Every homeless advocate I’ve spoken with about the origin of Sacramento’s homeless says this is not accurate. These are not our neighbors, as city officials would have us believe. The homeless claim to be from Sacramento so they won’t be put on a one-way bus back to family where they came from. According to City Councilman Sean Loloee who interviews the homeless along Roseville Road in his district, it takes him two or three site visits before they admit where they originate from. And most every one is from another state, but traveled here for the legendary government tolerance of the homeless, as well for the promises of tiny homes, hotel rooms, and free benefits. But most are drug addicted and just want to be left alone to live the street life of drug addiction, according to homeless advocates.
It’s that tolerance which has made Sacramento such a homeless-friendly city. This photo epitomizes this:
The William Land Park golf course is a lovely, well-used 9-hole municipal course in the middle of the 160-acre park.
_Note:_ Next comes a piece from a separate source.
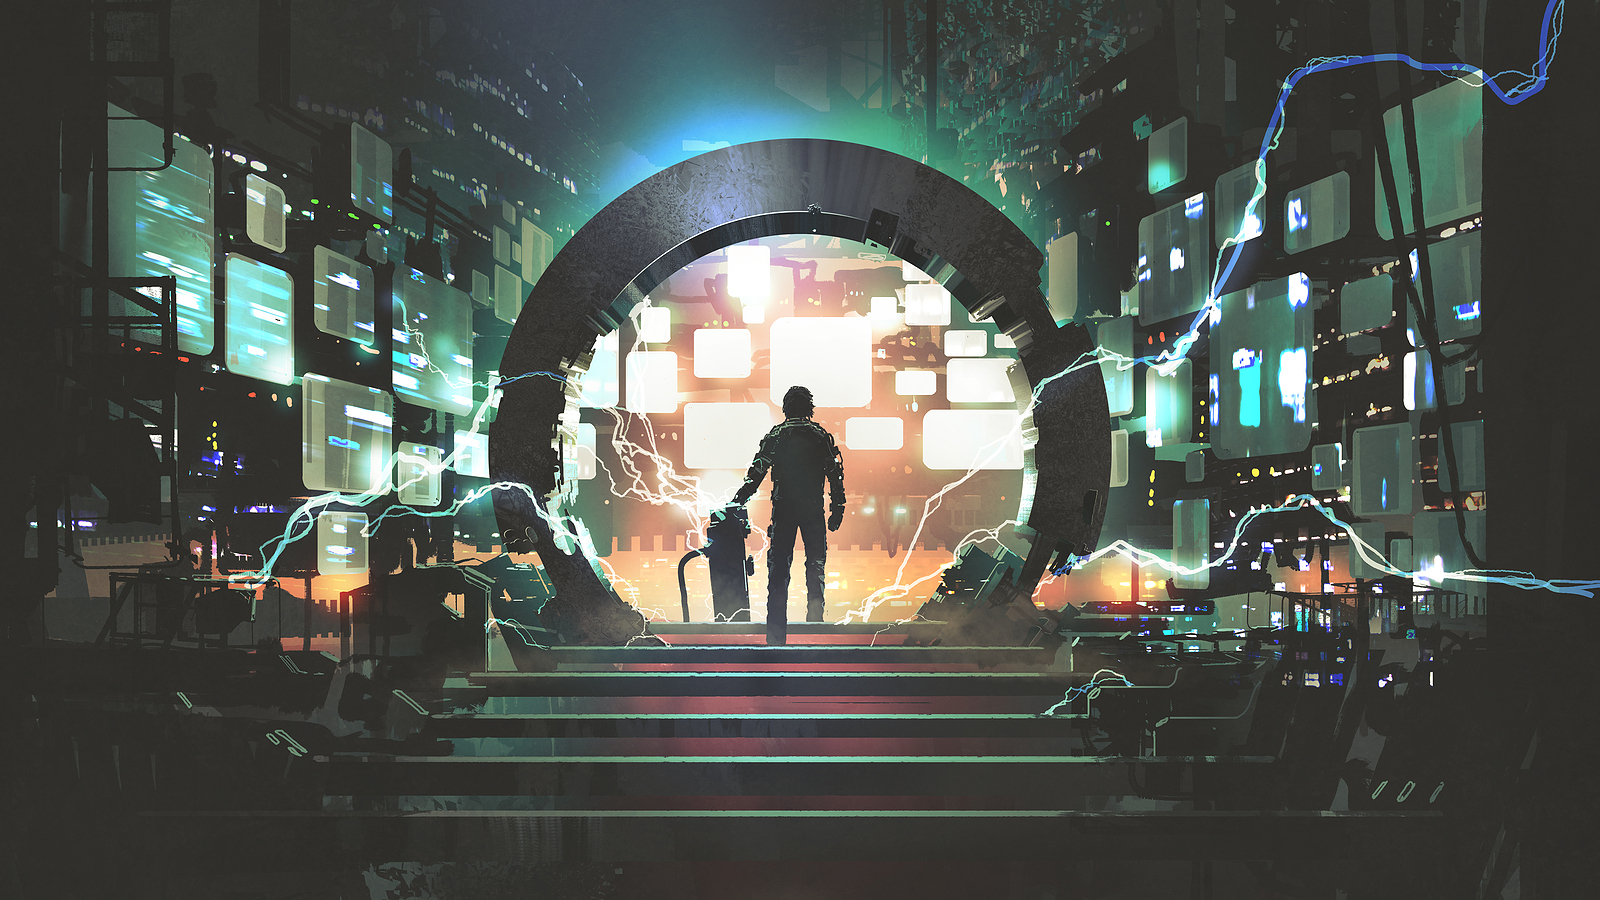 A scifi scene with a machine in the center being lit with electricity and a figure approaching it

A boatload of money has been spent on the homeless crisis in the Sacramento region, but mostly within the City of Sacramento, which appears to only have facilitated the growth.
I remember President Ronald Reagan’s message about this: “If you want more of something, subsidize it; if you want less of something, tax it.”
I’m less eloquent with my own stray cat theory: If you leave food out each night for a couple of stray cats, within one week you will be feeding 50. It’s a type of subsidy.
The city and county continue to ignore actual successful, proven programs to help change the lives of the homeless, drug addicted and mentally ill. We have several in Sacramento including the Union Gospel Mission and St. John’s Center for Real Change. San Antonio Texas is home to the Haven For Hope, which also has astounding success in getting homeless addicts and mentally ill off the street, triaged and into proper programs for treatment and recovery… Or ongoing treatment.
Here are a few more recent photos of life in Sacramento:
When is Sacramento going to grow up and start electing people who care about governing?